Grunwald thinks Obama is neither of these things but is above all a pragmatist—and someone who knows how to institute genuine change.

In the final weeks of the election and beyond, the national debate, said Grunwald, should be about the real stimulus—not an imaginary one that outsourced wind turbine production to China or was all about shoveling money to cronies. The central question in the next election is going to be whether government is able to contribute positively to change, he said. The Republicans are using the stimulus as an example of why government can’t. But it should be the opposite.

In the question-and-answer session, the audience asked Grunwald to talk more about the gap between the perception of the stimulus and what it has accomplished. Why has the administration been so reluctant to talk about the good things that have come from the stimulus?

The stimulus, said Grunwald, was ultimately a jobs bill that passed at a time when jobs were hemorrhaging. Times are still tough, and the economy is still struggling—just not as badly as it would have been. “It was a 3-million-job solution to an 8-million-job problem,” he said. But the reception of the stimulus is also part of a larger problem in America, where we like the stuff government does—even as we complain about the government. All this has been compounded, too, by the way the stimulus has been portrayed in the media; Grunwald believes his colleagues blew the story as badly as they blew the run-up to the war in Iraq.

Was there something about the distribution of the stimulus that has made it unpopular—could the money have been leveraged differently? Grunwald doesn’t think so. Yes, there are parts of the bill he doesn’t like. Catfish subsidies, for instance, were included to get a vote in the Senate, and money for retrofitting and building schools was left out to ensure another senator’s vote. But Grunwald believes Obama’s approach was the right one. A lot of money was dumped into the economy quickly, he said, “but you can only shove so much pig into the federal python.” He has trouble imagining a vastly different stimulus having the same success.

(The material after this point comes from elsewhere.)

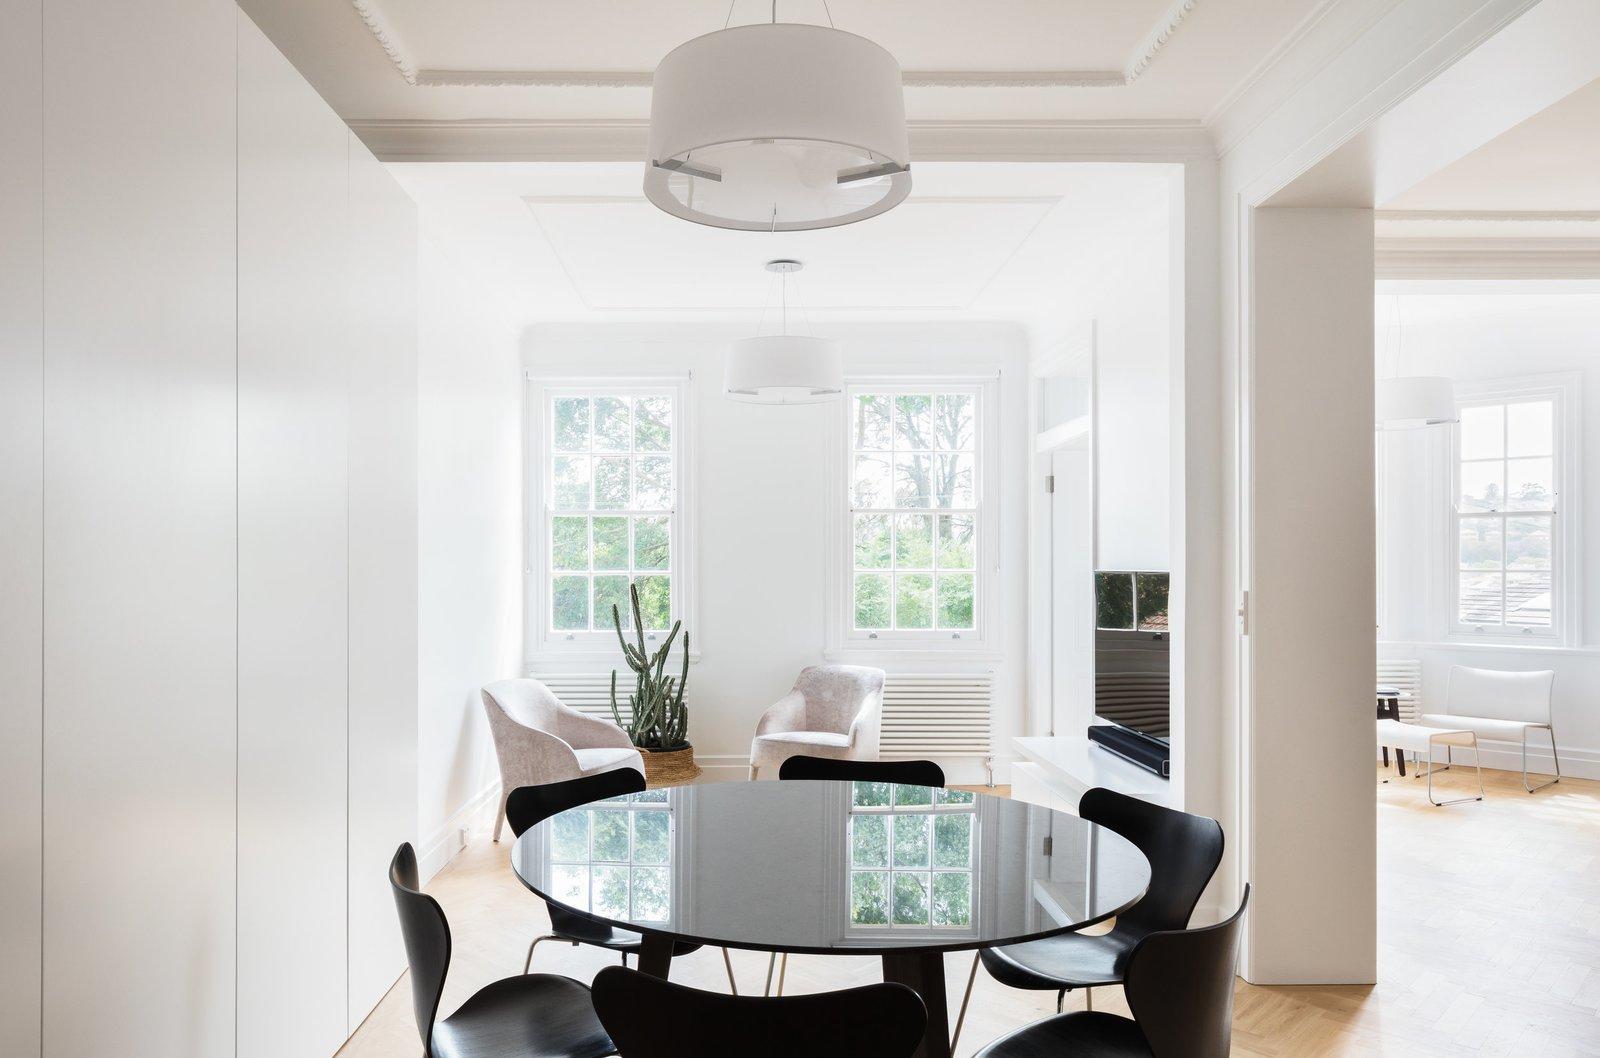 Dining Room, Chair, Pendant Lighting, Table, and Light Hardwood Floor  K Apartment

Another audience member asked if there was a downside to such massive spending. Is the size of this debt going to lead to a bigger economic crash in the future? Grunwald said that it’s true that the stimulus added $800 billion to the nation’s debt (which is different from the $1.2 trillion deficit Obama inherited). But, he said, the debt is “very fiscally responsible”; much of the spending is going to save the country money in the long-run by doing things like increasing federal energy efficiency, which will lower utility bills, and repairing roads now instead of building new roads later. And, he said, what increases the debt more than spending is when the economy spirals downward—and tax revenue goes down. The recession itself—along with the Bush tax cuts, war and military security spending, and rising healthcare costs—are the real drivers of the debt. And, over the long term, if the United States is bankrupted, the primary cause will not be the stimulus—or even the tax cuts—but rather the skyrocketing costs of Medicare.